Quote:
Originally Posted by
alister
pax should be available on any UNIX system (GNU's Not UNIX
).
Quote:
Originally Posted by
raggmopp
True, pax SHOULD be available. But sometimes it is not.
I think some distros install by default and some don't. With cpio it is always installed by default.
pax is present on OS X, Solaris, AIX, HP-UX, FreeBSD, NetBSD, OpenBSD, IRIX, etc. On some of those platforms it has been included since the mid-90s. GNU/Linux is the only notable exception, which is why I specifically said "UNIX" and included the GNU parenthetical.
Quote:
Originally Posted by
Corona688
Basically -- tar won. It got standardized and modernized in POSIX. cpio didn't.
If by "won" you mean that it's ubiquitous. Agreed. But standardized? You must be joking.
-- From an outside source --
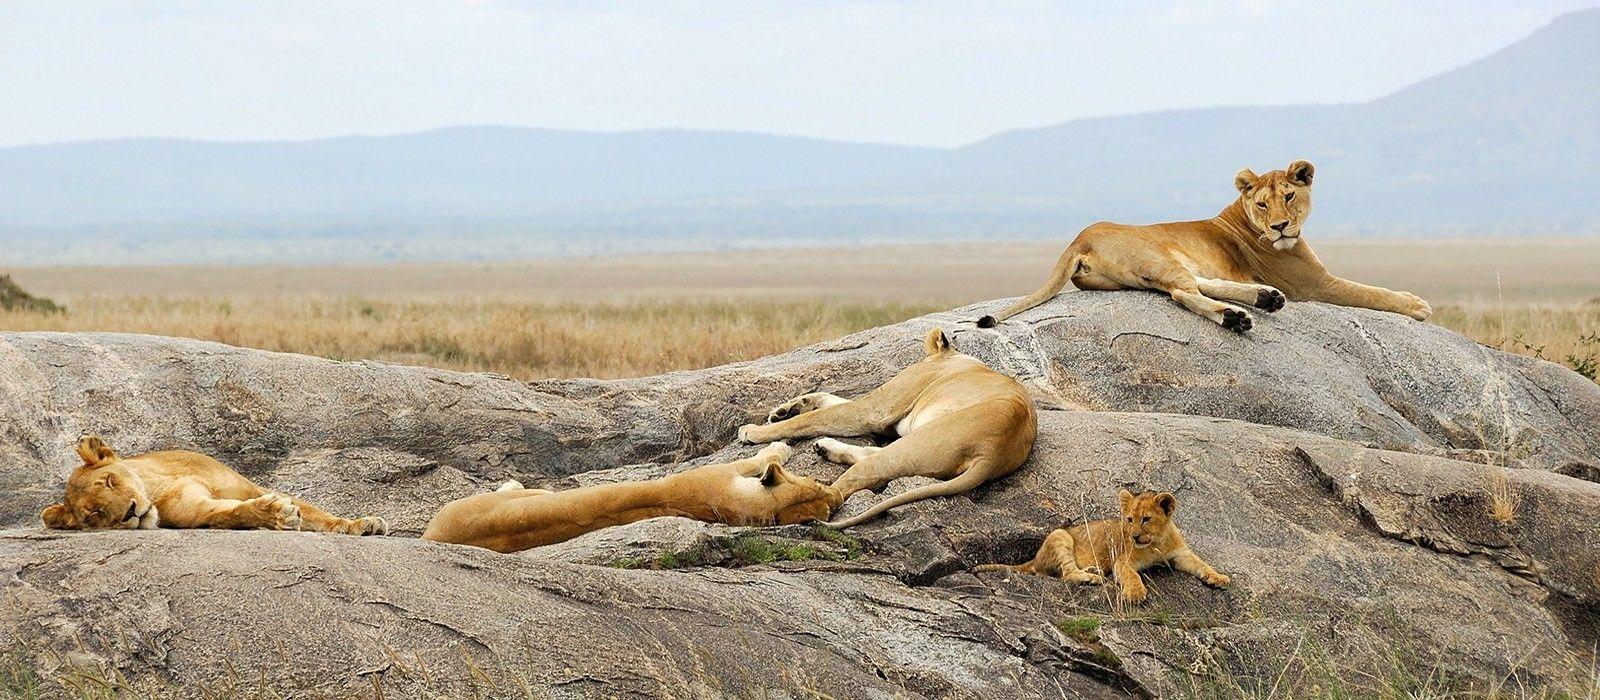 Lakeside Luxury, Wilderness and Wildlife in Tanzania Tour Trip 2

tar is not standardized in any way. There is no POSIX standard. There isn't even a defacto standard. There are about as many different implementations with conflicting syntaxes as there are operating systems.
tar is very much like ps. It is guaranteed to be available on just about any system you use, but if portability is a concern, you will need to restrict your usage to its simplest features. The moment you need to portably do anything fancy, you're screwed.
If GNU/Linux distributors would ship pax, pax would be the first standardized (on paper and in practice) archiver available on just about every platform.